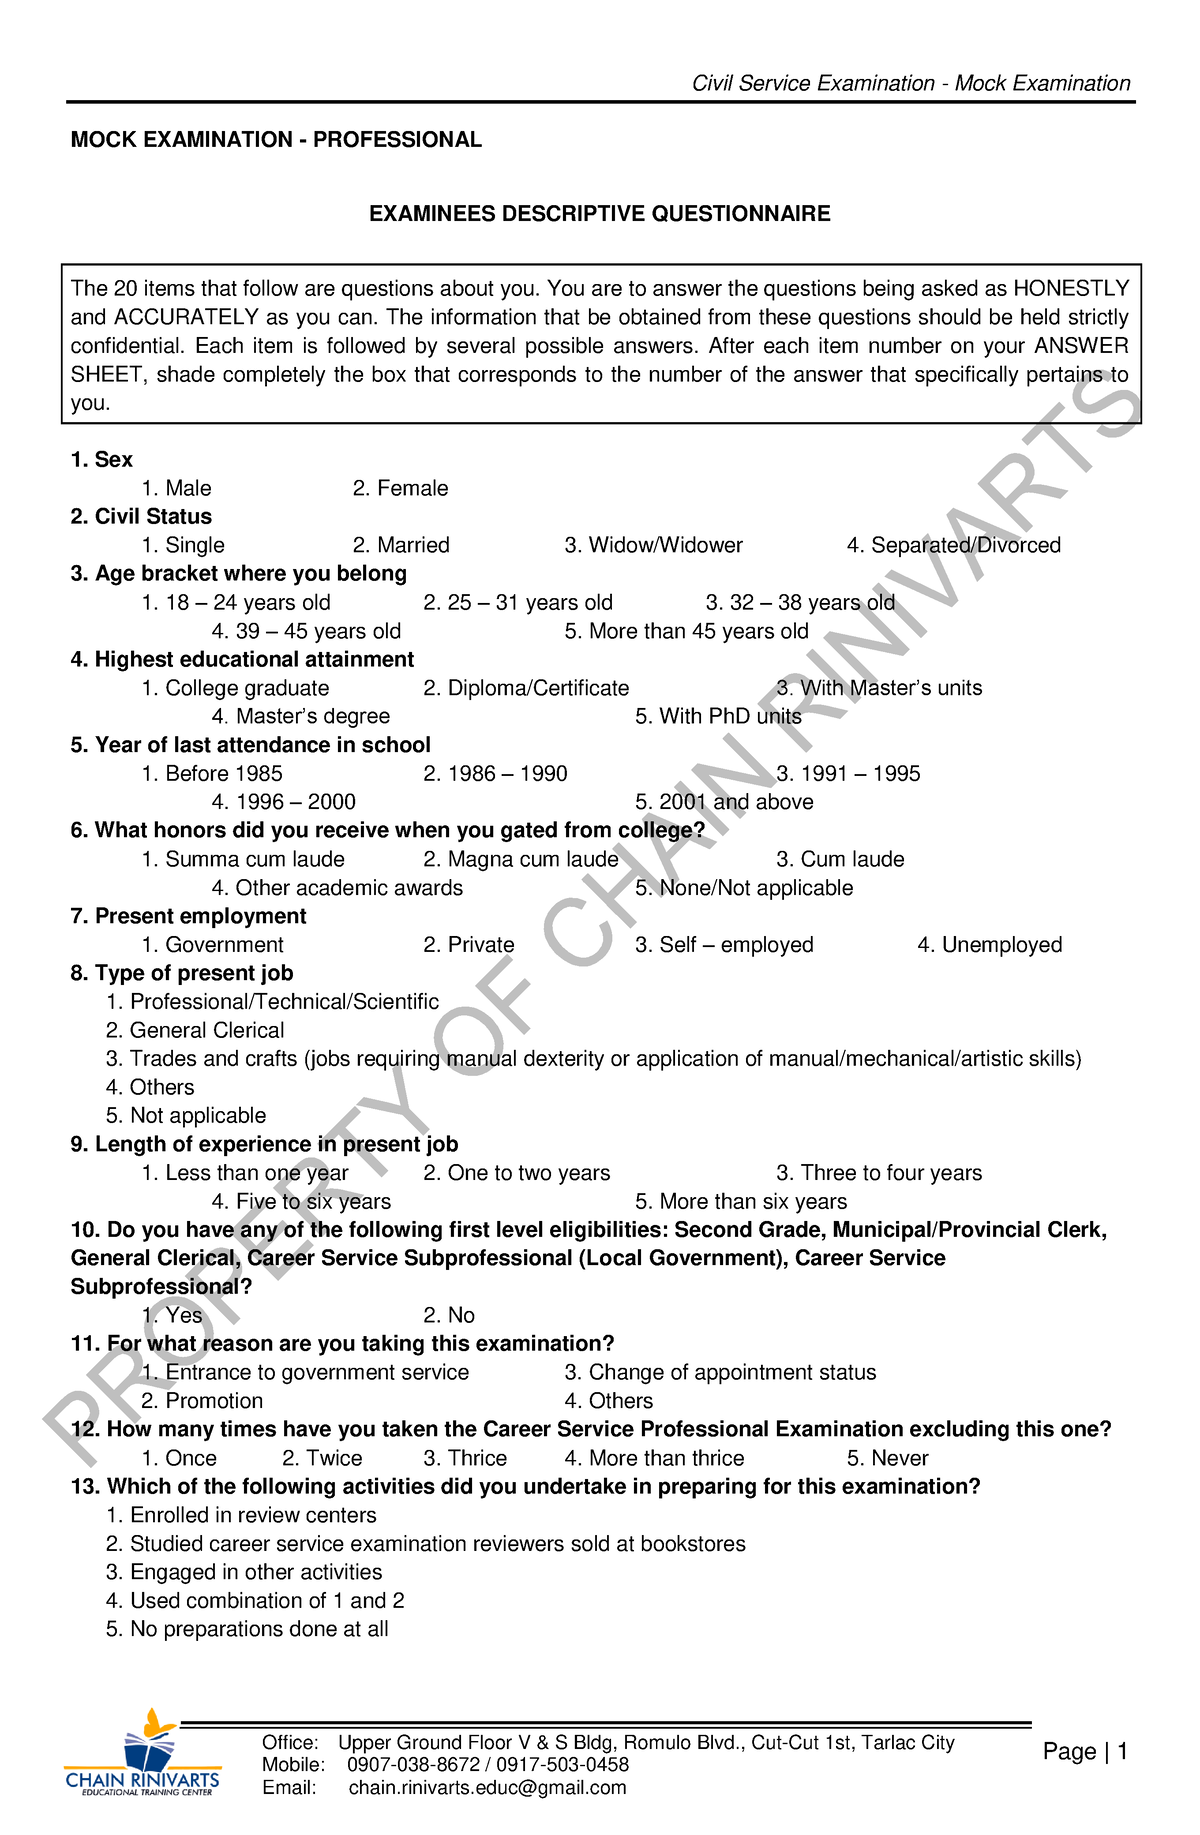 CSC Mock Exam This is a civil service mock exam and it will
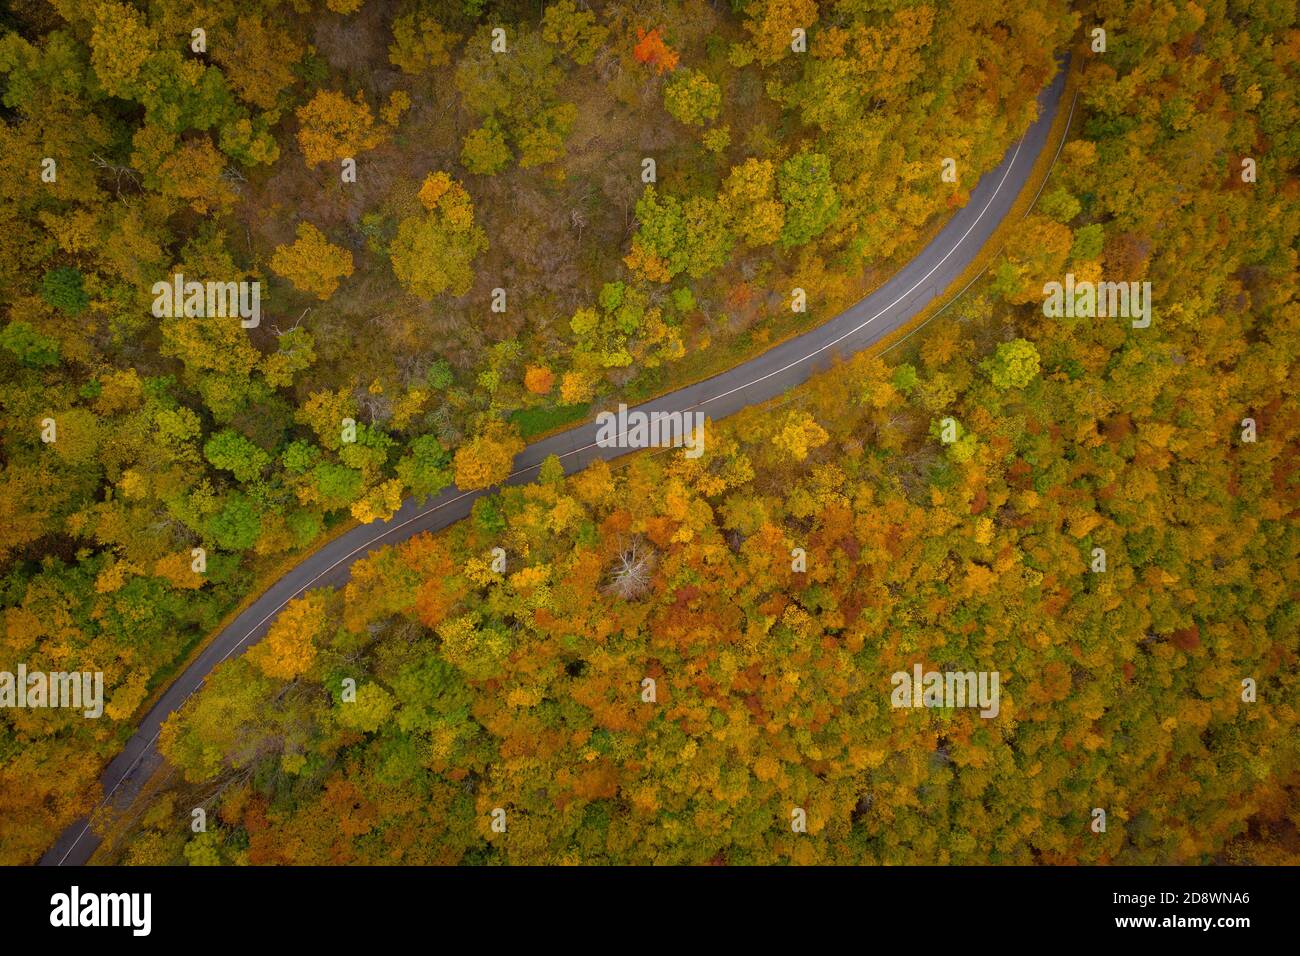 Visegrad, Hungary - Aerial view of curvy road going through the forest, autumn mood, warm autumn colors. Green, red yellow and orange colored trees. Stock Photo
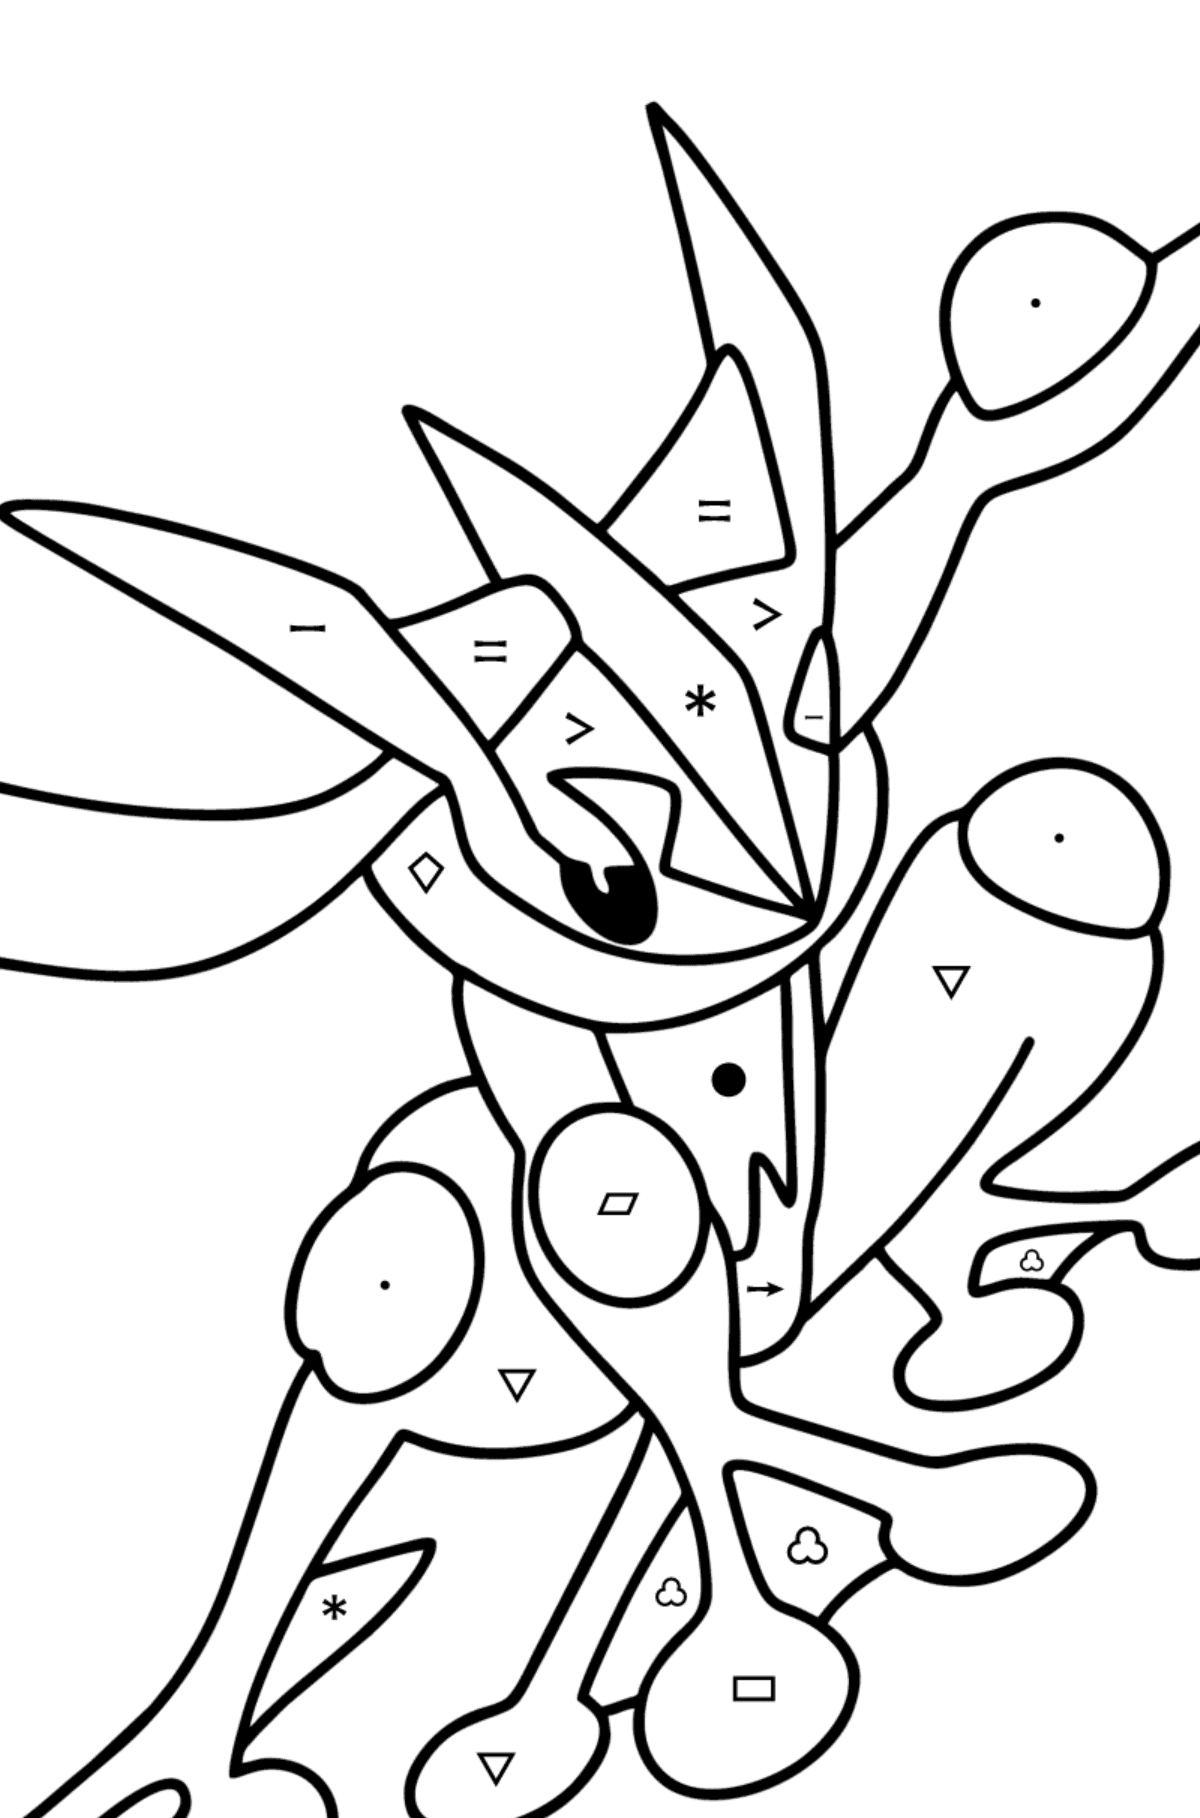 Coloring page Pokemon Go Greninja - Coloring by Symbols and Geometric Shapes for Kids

[What is required] Print the listing word for word, but omit the pictures.

[Finished exercise]
 CSC Mock Exam This is a civil service mock exam and it will
 Visegrad, Hungary - Aerial view of curvy road going through the forest, autumn mood, warm autumn colors. Green, red yellow and orange colored trees. Stock Photo
 Coloring page Pokemon Go Greninja - Coloring by Symbols and Geometric Shapes for Kids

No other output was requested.